The device would download its specific data after activating and
respond with appropriate information according to preprogramming.
In this case, the appropriate information may comprise device
location.
[0044] Additionally, historical data can be called from the
database by a user. For instance, if a user such as a business
owner wished to determine the whereabouts of his location device
equipped delivery vehicle over a particular historical period route
information such as time between stops, vehicle speed/or variance
outside of a preprogrammed boundary could be requested, located
and/or returned.
[0045] Some embodiments may utilize the .NET Framework which
provides a class hierarchy on which programs are built. The .NET
Framework provides a layer of abstraction over an operating system,
making .NET programs platform independent. The framework's Base
Class Library provides a large range of features including user
interface, data and data access, database connectivity,
cryptography, web application development, numeric algorithms, and
network communications. The class library may be used by
programmers, who combine it with their own code to produce
applications. Some programs written for the .NET Framework execute
in a software environment that manages the program's runtime
requirements. This runtime environment is known as the Common
Language Runtime (CLR). The CLR provides the appearance of an
application virtual machine so that programmers need not consider
the capabilities of the specific CPU that will execute the program.

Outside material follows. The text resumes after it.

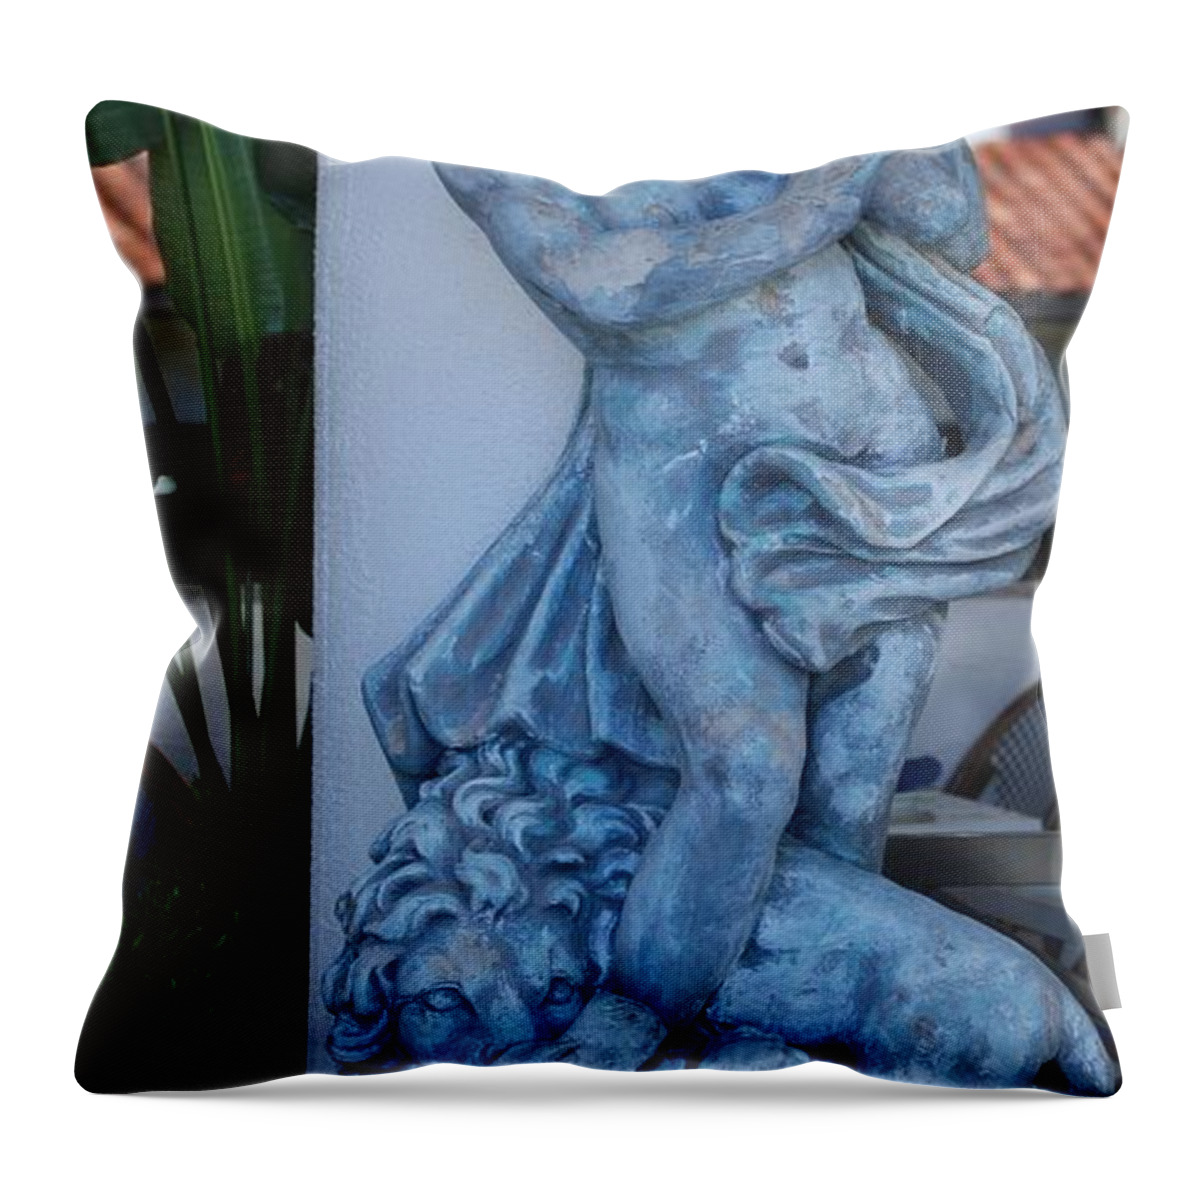 Statue Throw Pillow featuring the photograph Greek Dude And Lion In Blue by Rob Hans
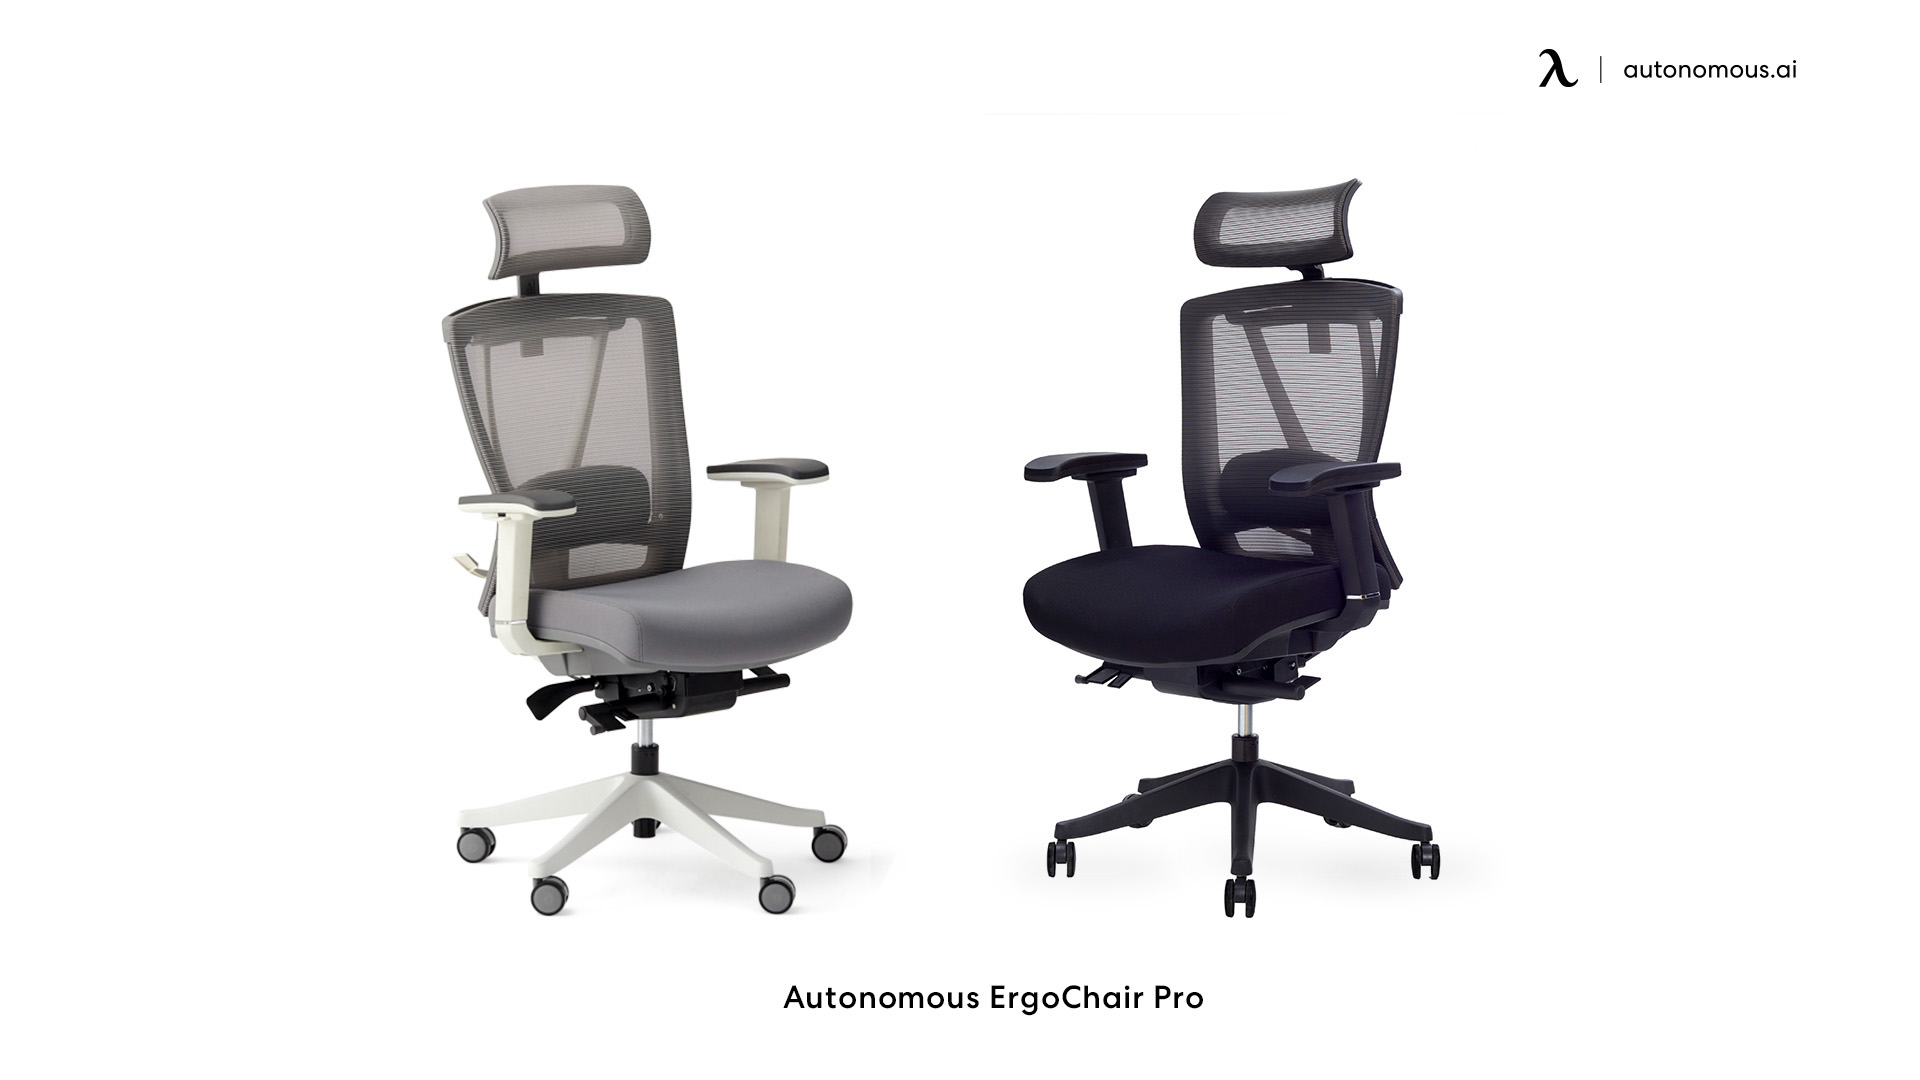 ErgoChair Pro home office chair with back support

The CLR also assists with other important services such as
security, memory management, and exception handling. The class
library and the CLR together comprise the .NET Framework.
[0046] The core aspects of the .NET Framework lie within the Common
Language Infrastructure, or CLI. The purpose of the CLI is to
provide a language-neutral platform for application development and
execution, including functions for exception handling, garbage
collection, security, and interoperability. Microsoft's
implementation of the CLI is called the CLR. It provides classes to
build distributed applications, as well as network services that
send messages over channels. The .NET Framework includes remoting
in the CLR. A .NET program can run on any platform the .NET
Framework resides on. .NET languages comprise Visual Basic .NET
(VB.NET) and C#. Visual Basic .NET is a language based off Visual
Basic 6.0, allowing relatively easy porting of Visual Basic code to
.NET. C# (pronounced C-Sharp), is another language based off C,
C++, and Java. ASP.NET may also be implemented in some embodiments
to among other things assist with web page or interface postbacks
and caching. Also, ADO.NET may be utilized to assist communication
with the database and/or databases. With ADO.NET once information
has been requested, the client disconnects from the server while
processing the information. Then, the client reconnects to the
server to deliver any changes to the data to the server.
[0047] The intermediate CIL code may housed in .NET assemblies. As
directed by specification, assemblies are stored in the Portable
Executable (PE) format, common on the Windows platform for DLL and
EXE files. The assembly may consist of one or more files, one of
which generally contains the manifest, which has the metadata for
the assembly. The complete name of an assembly contains its simple
text name, version number, culture, and public key token. The
public key token is a unique hash generated when the assembly is
compiled, thus two assemblies with the same public key token are
guaranteed to be identical from the point of view of the framework.
A private key can also be specified known only to the creator of
the assembly and can be used for strong naming and to guarantee
that the assembly is from the same author when a new version of the
assembly is compiled (required addition of an assembly to the
Global Assembly Cache).
[0048] CLI may be self-describing through .NET metadata. The CLR
checks the metadata to verify the correct method is called.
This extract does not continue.